Students watch members of the Lyric Opera of Chicago’s orchestra play at St. Nicholas Cathedral School in the Ukrainian Village, Friday, Oct. 28, 2022. Many refugees who fled Russia’s invasion of Ukraine study at St. Nicholas Cathedral School. (Pat Nabong/Sun-Times)

Not everyone, apparently, is a fan of Beethoven.

“I just wanted to sleep,” Arsen said afterward.

Andrii, 7, and Solomiia, 7, who are first graders at St. Nicholas Cathedral School in the Ukrainian Village, cover their ears while listening to members of the Lyric Opera of Chicago’s orchestra perform in the school, Friday, Oct. 28, 2022. (Pat Nabong/Sun-Times)

Sophia Turchmanovych, 12, who was born in the United States and whose parents and sister were born in Ukraine, described the music as “very beautiful.”

“It puts you in a little bit of an emotional state because of all that’s happening there right now,” she said. “It made me feel better that people support us.”

When the musicians began playing the Ukrainian national anthem, all the children and teachers rose to their feet, hands on hearts, the sound of their voices filling the gym to the rafters.

Students watch members of the Lyric Opera of Chicago’s orchestra play at St. Nicholas Cathedral School in the Ukrainian Village, Friday, Oct. 28, 2022. Many refugees who fled Russia’s invasion of Ukraine study at St. Nicholas Cathedral School. (Pat Nabong/Sun-Times)

“Just hearing them sing the anthem with us was very, very moving. Music is such a powerful way of bringing people together and singing together is really one of those remarkable things,” violist Melissa Kirk said.

Said Preman Tilson, the Lyric’s principal bassoonist: “You feel so helpless when you hear about what’s going on over there. It’s just so terrible. To be able to do something tangible, to actually help the kids get out and get someplace safe is just incredibly satisfying.”

Raczkiewycz said her children are adapting well to life in Chicago. She said she recalls driving 22 hours in a Ford Escape to get to the Western part of Ukraine the day after the shelling in Kyiv began.

“Kids are calm when their parents are calm. Parents need to be like a mountain for kids,” Raczkiewycz said, flexing her biceps.

Second-grade teacher Jane Sotter, 31, watches members of the Lyric Opera of Chicago’s orchestra perform while her student, Oleksandr, 7, leans on her at St. Nicholas Cathedral School in the Ukrainian Village on Friday. (Pat Nabong/Sun-Times)

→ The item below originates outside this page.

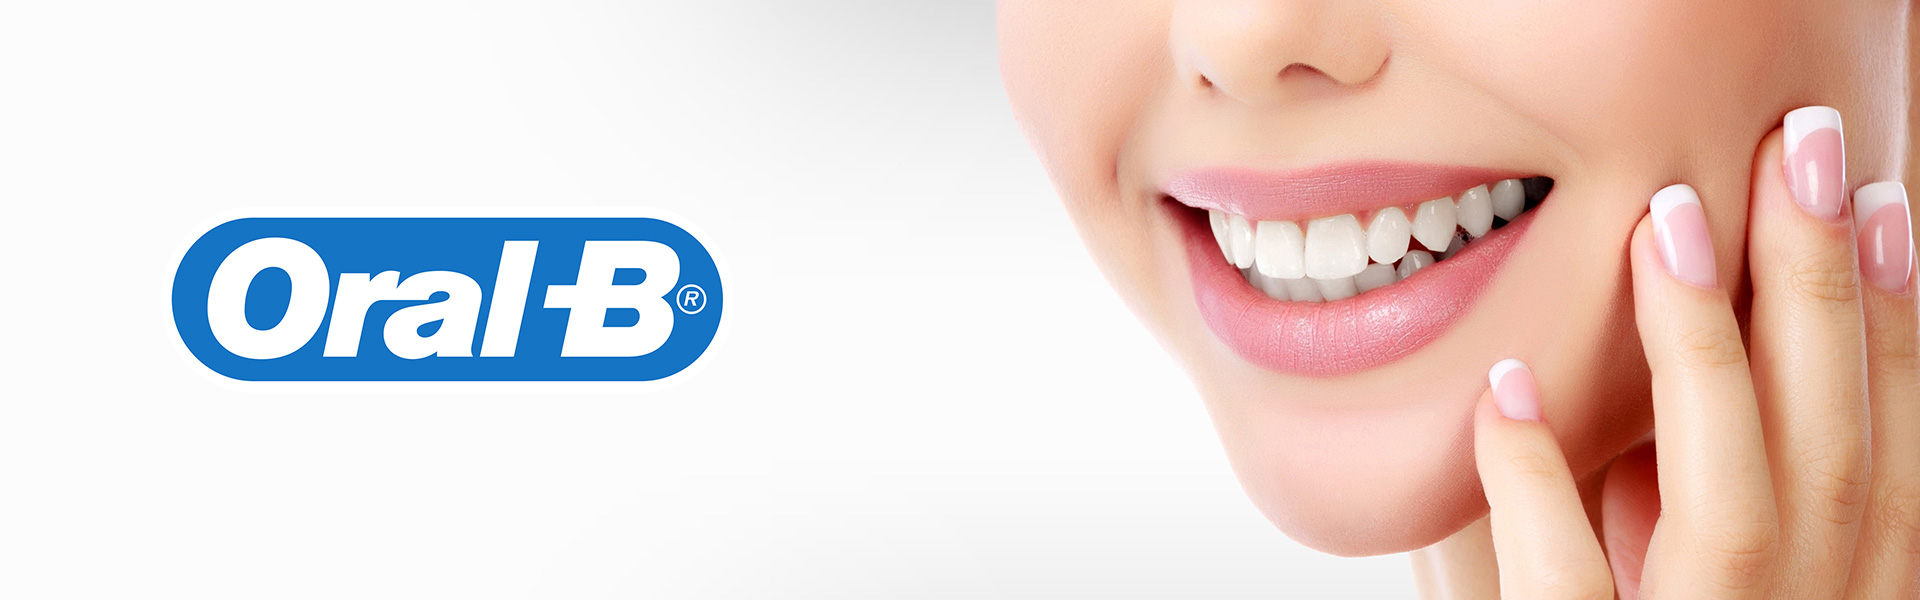 Зубная щетка для детей Oral-B Stages 3 Soft, 5-7 лет Oral-B

St. Nicholas Principal Anna Cirilli said the refugee students are doing well, but trauma still surfaces at times. The children’s artwork is less dark, somber, she said.

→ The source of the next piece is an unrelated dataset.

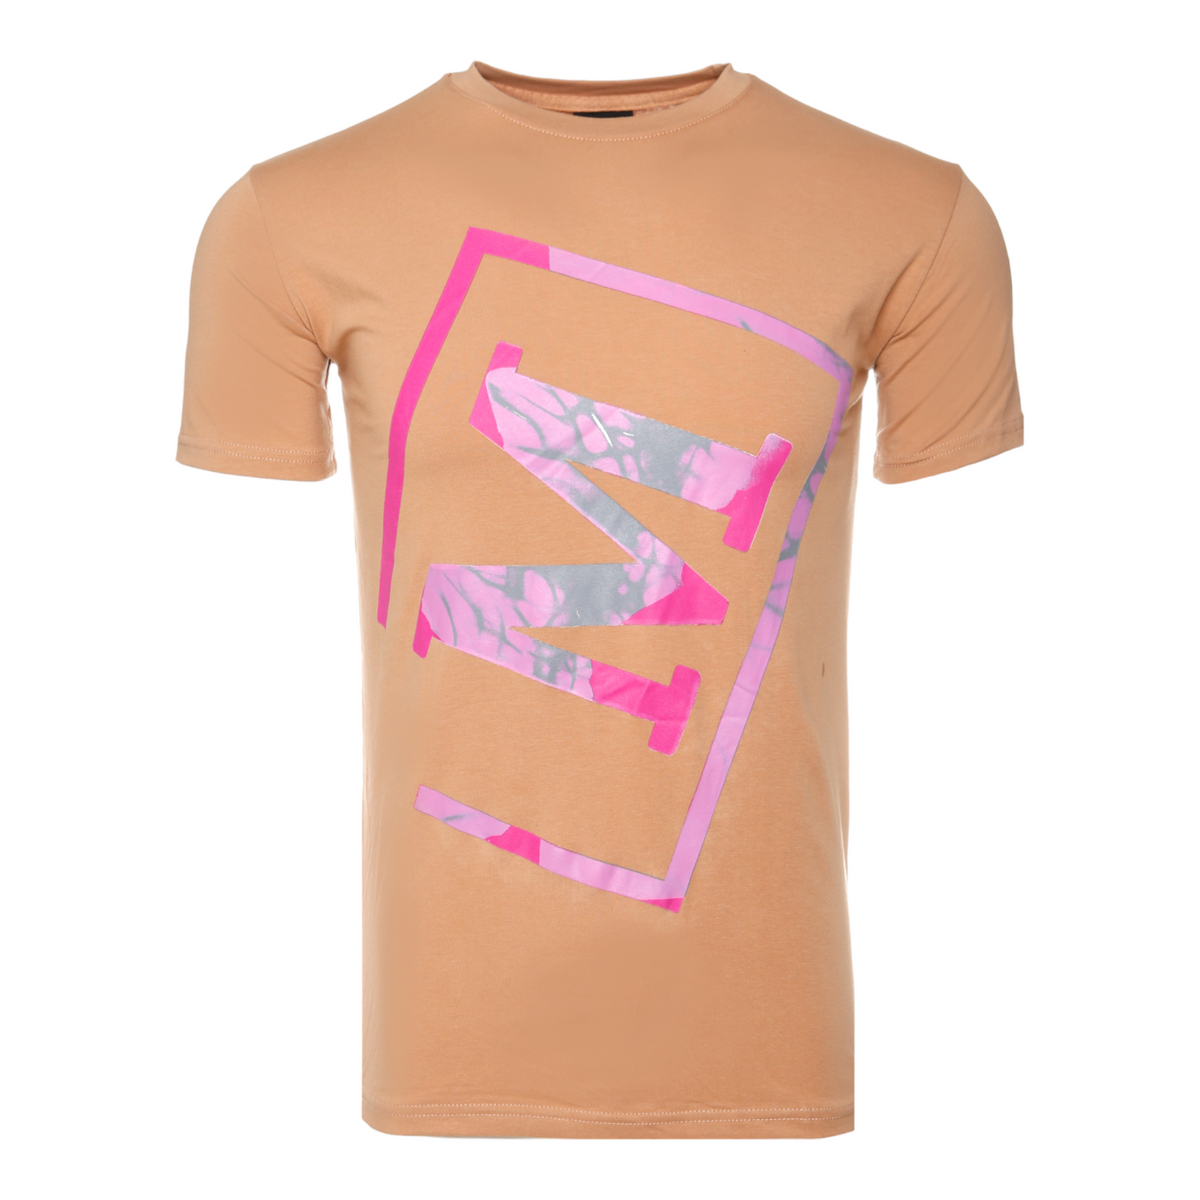 MDB Brand Men's Flame T-Shirt - Pink Flame

“We’re starting to see more colorful [drawings],” she said. “Those memories are not so recent, but there are different sorts of traumas that are coming out — maybe not in paintings, but in daily interactions with each other: hair pulling, fist-fighting, kicking,” Cirilli said. “It’s the trauma coming out in ways that is normal, without a language to express. They have this anger inside. So we’re doing a lot to support them and offer some love. Today is a perfect example of that.”